Мама вздохнула, пригубила немного вина и поставила фужер на стол. Нежность и жалость кольнули мою душу… Я вспомнил один эпизод из юности моей доброй мамы. В читальном зале городской Херсонской библиотеки ей понравился какой-то мальчик. Не зная, как обратить на себя внимание, моя бесхитростная будущая мама переписала письмо Татьяны к Онегину… «Я к вам пишу – чего же боле?..» Все письмо, до последней строчки, и подписала: «Рива». Мальчик прочел, покраснел, схватил свои книги и дунул из читального зала. Перепугался. Такой же наивный херсонский мальчик… Эту историю мы с сестрой не раз вспоминали при семейных застольях. Остается удивляться тому, как жизнь слепила из наивной херсонской девочки волевую, предприимчивую и умную женщину, сохранив до почтенного возраста детское имя Ривочка.
Во время войны, той, с Гитлером, мама на базаре продавала селедку, выуживая ее голыми руками из рассола бочки. Зимой, а зимы в Баку бывают хоть и короткие, но студеные. После школы я спешил на базар, постоять у бочки, дать маме передохнуть полчаса. «А где Ривочка? – то и дело спрашивали какие-то люди. – Не заболела? Весь день на морозе с голыми руками». Вечером я вновь появлялся на базаре, помочь маме вкатить бочку под крышу маленькой рыбной лавчонки. Мне было десять лет, но мальчик я был крепкий. Мы возвращались домой, прихватив по дороге из детского сада пятилетнюю сестричку. Так мы и шли по обе стороны от мамы, вцепившись в ее руки, опухшие от селедочного рассола…

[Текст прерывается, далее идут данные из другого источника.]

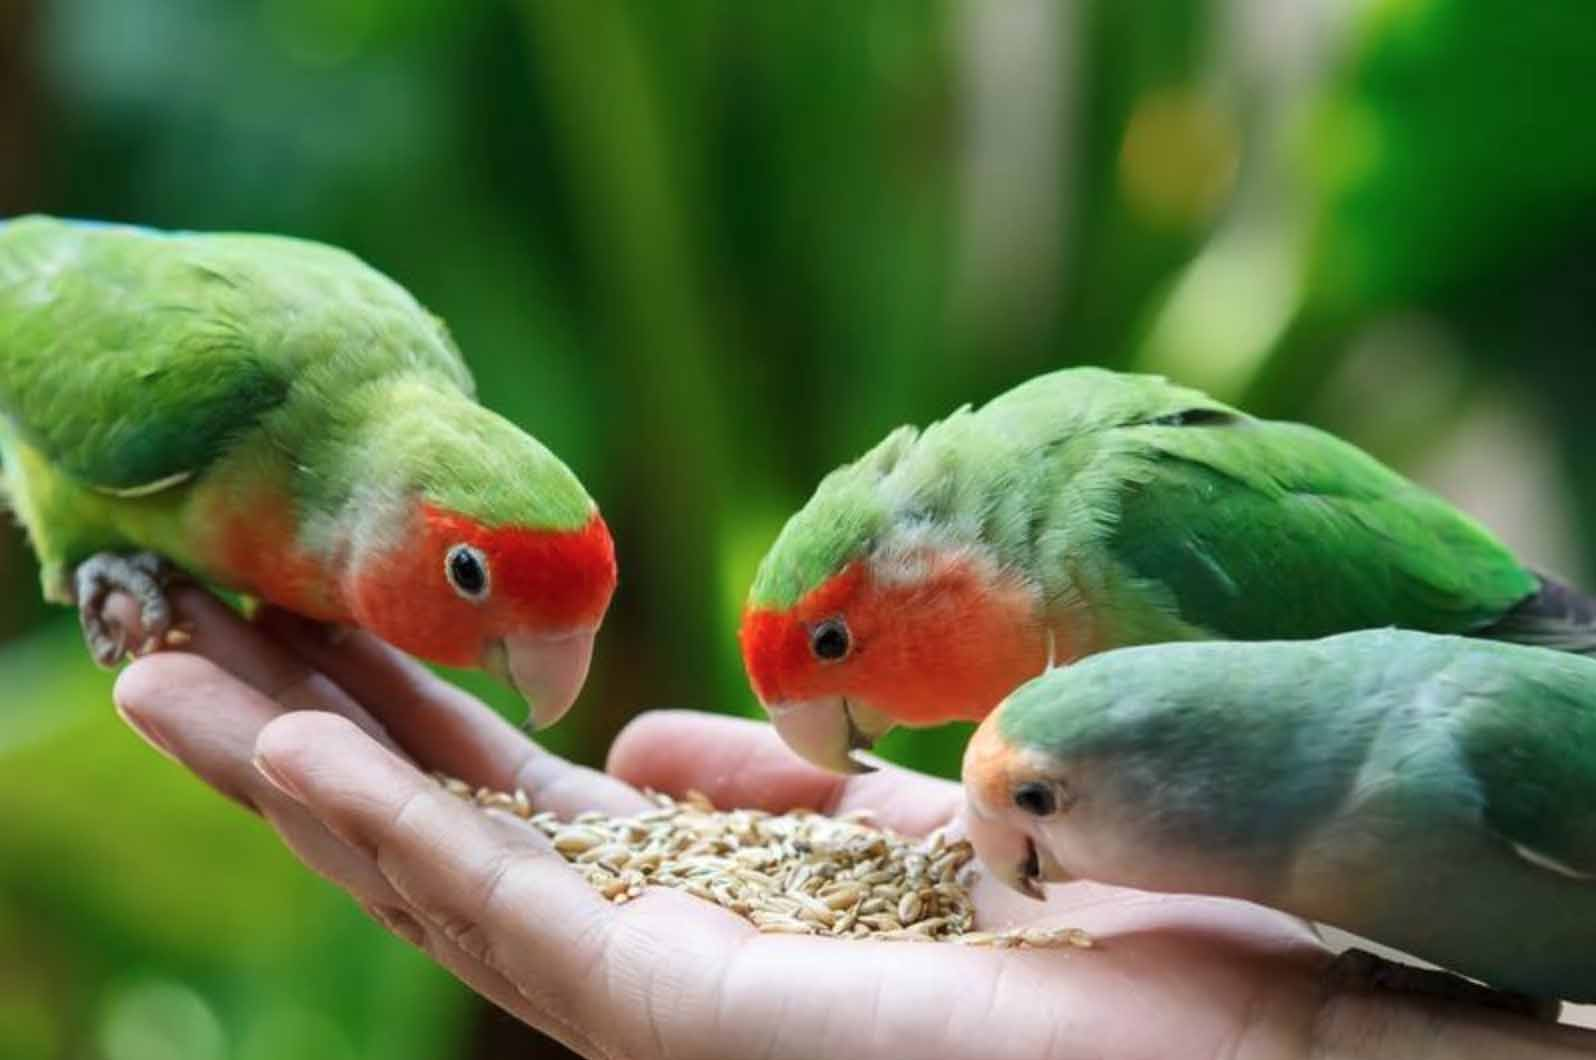 Kasih makan burung Lovebird

Бухгалтер по образованию, мама до той войны работала в Институте физкультуры, но уволилась из-за нищенского оклада. А скорее, из-за папиной ревности: слишком мама была красивой, чтобы работать среди жеребцов-спортсменов. Представляю, как папа страдал, уходя на фронт добровольцем. Поначалу в ополчение, потом, пройдя краткий курс санинструкторов, определился в действующую армию…
Из гнезда в часах выскочила кукушка и напомнила, что уже три часа ночи. Чай в толстых граненых стаканах давно остыл, как и вода в пузатом чайнике с мятым узким носиком. В доме был новый чешский электрический чайник, но мама оставалась верной старому. И этим удивительно живучим граненым стаканам в узорных подстаканниках…
Есть не хотелось. Тем не менее я умял с десяток круглых маковых коржиков с корицей, фирменное мамино изделие.
Продолжая разговор, мама принялась обустраивать мою лежанку. Из чрева старой тахты извлекла знакомое лоскутное одеяло, простыню и огромную тугую подушку в белоснежной наволочке. «Потом пришел дворник Кямал, – продолжала мама, – и предупредил, что ночью будет облава по списку». – «Какому списку?» – «Списку жильцов, что висит у подъезда, кто в какой квартире. Будут искать армян…» Мама рассказывала, как прятала у себя три дня соседку Клару-скрипачку… Ночью дворник привел военных моряков, и те под охраной увезли Клару в Морской порт на красноводский пароход. «Ключи мне оставила. Только скрипку успела взять, – вздохнула мама. – Ладно, “будем делать ночь”, как говорил папа».
Я лежал на спине в ожидании сна. Во время полета сюда меня распирала энергия, хотелось поскорее заняться делом, помочь мужу сестры Толе отправить контейнер с багажом. А сейчас ощутил какую-то беспомощность. Да, в Баку у меня были знакомые, друзья – следствие бурной институтской жизни и моего общительного характера. Короче говоря, у меня был «блат». Так мне казалось… Но сейчас, когда я вплотную столкнулся с тем, с чем столкнулся, я растерялся и… испугался. Среди моих друзей было много армян, и вообще, в той жизни мы часто не знали, кто какой национальности, мы были «бакинцы». Даже в злопамятные дни 1952 года, в разгар борьбы государства с «космополитами», я ни разу не почувствовал на себе косого взгляда.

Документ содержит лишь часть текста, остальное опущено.